Тут Арсений заметил, что Звонцов торжественно держит в руках большой тубус.
— Ну и ну! Твой заказчик на уступки пошел?! — Художник уже решил было, что на этот раз заигравшемуся скульптору не выпутаться из кабалы.
— Кажется, мне повезло. Сам до сих пор не верю… Ты лучше сюда посмотри.
Скульптор, открыв футляр, развернул перед Десницыным карандашный портрет Ксении Светозаровой. Он не заметил, как изменился в лице Арсений. Художник пристально вглядывался в черты молодой женщины, изображенной Звонцовым. «Эта тонкая, лебединая шея, взгляд одухотворенный… Если бы я еще мог видеть тогда эти обнаженные руки, тогда сразу узнал бы…»
— Так это она? — вырвалось у Арсения.
Вячеслав Меркурьевич был обескуражен риторическим вопросом:
— Кто она?
— Балерина Светозарова.
— Ну разумеется! Кто же еще?! — Звонцов почувствовал раздражение. — Так ты будешь писать?
— Конечно. Конечно, буду, — Арсений не мог оторвать глаз от рисунка: сложа руки на груди, любовался неожиданной натурой. — Сегодня же начну, только рисунок оставь.
— Можешь писать у себя, как тебе удобнее. О подрамниках не волнуйся — тебе их доставят… Да ты не торопись, вживайся в образ, а я постепенно буду забирать по холсту.

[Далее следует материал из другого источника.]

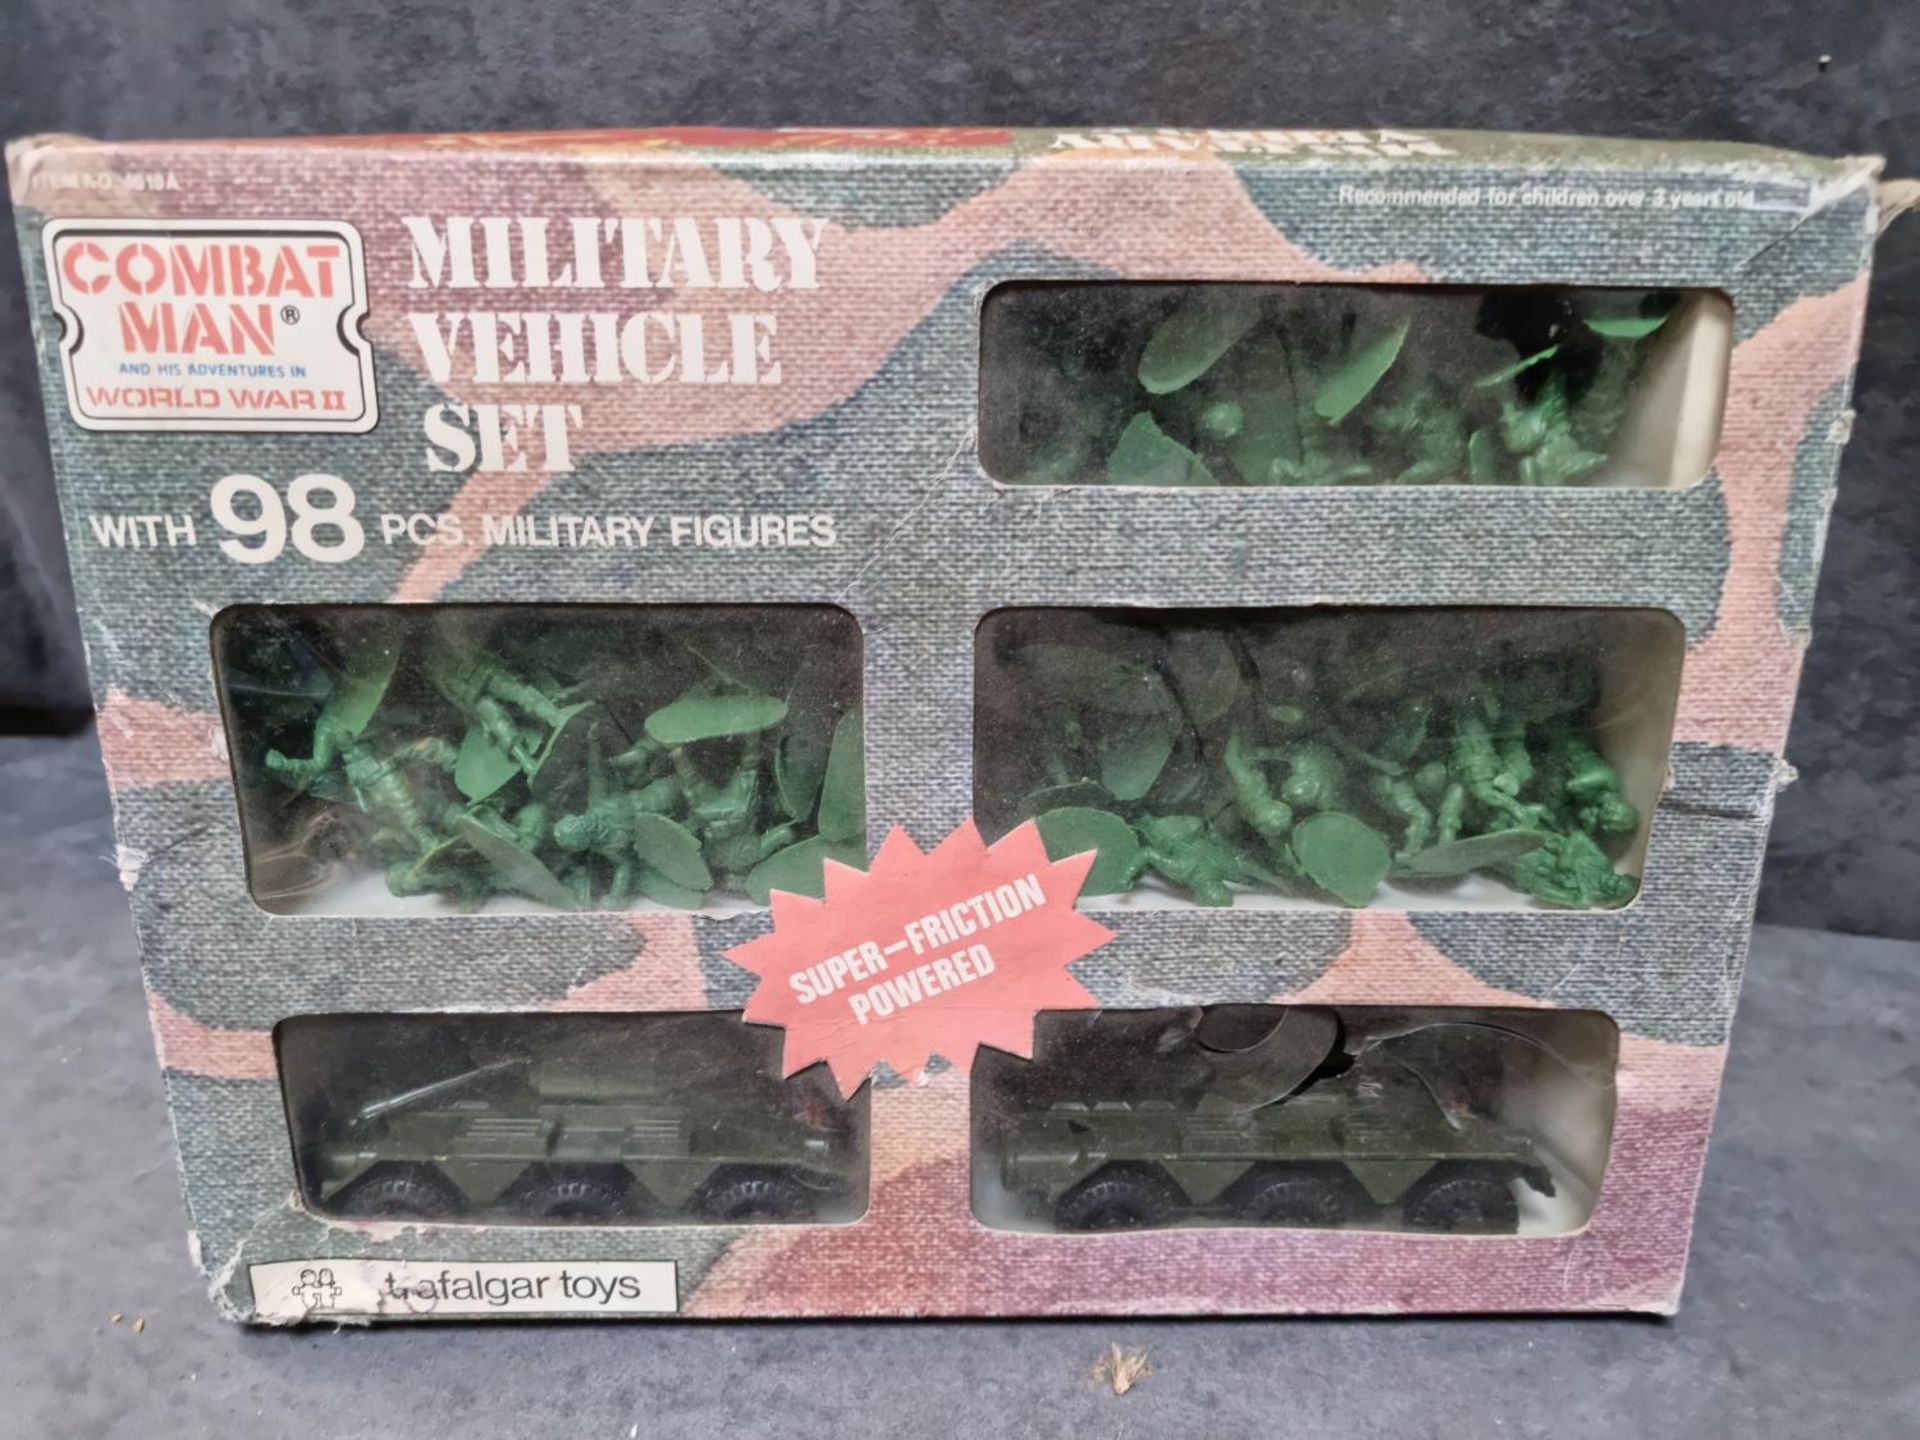 Trafalgar Toys #4619a Military Vehicle Set With 98 Piece Military Figures - Image 3 of 3

Десницын, все еще прикованный взглядом к рисунку, не мог унять волнение и стал объяснять скульптору, как он видит творческий процесс:
— Я стану для тебя прописывать разные стадии, а у меня останется основной вариант, над которым усиленно поработаю, и копии. Его-то в конце концов и предъявишь как результат.
Сам успокоенный, Звонцов поспешил угомонить Арсения:
— Что ты так волнуешься! Ты все идеально продумал. Я все понял. Если же хочешь балерину вживую увидеть, разглядеть повнимательнее, сложности тут никакой нет. Сходи на балет (билет и хороший бинокль я тебе обещаю), а после подождешь у выхода из театра — там поклонники всегда толкутся, тоже приму подкарауливают. Она обязательно выйдет, и тогда ты сможешь воочию уточнить все детали внешности. Если одного раза будет недостаточно, придешь потом еще, благо тебе уже будет известно, где ее найти… Кстати, Мариинский-то в двух шагах от моего дома, так что и ко мне не премини заглянуть лишний раз: потолкуем, расскажешь, как дела идут! Да, вот еще что, чуть не забыл… Ты, Сеня, иконы никогда не пробовал писать? У нашего заказчика очередная блажь — нужно написать образ в подарок — Николая Чудотворца. Купец собрался балерине бриллианты преподнести, но чувствует, видно, что та просто так не примет, а в ризе иконы совсем другое дело — из уважения к святыне вряд ли сможет отказаться. Это. правда, не сейчас, не сразу, но и в долгий ящик откладывать нельзя.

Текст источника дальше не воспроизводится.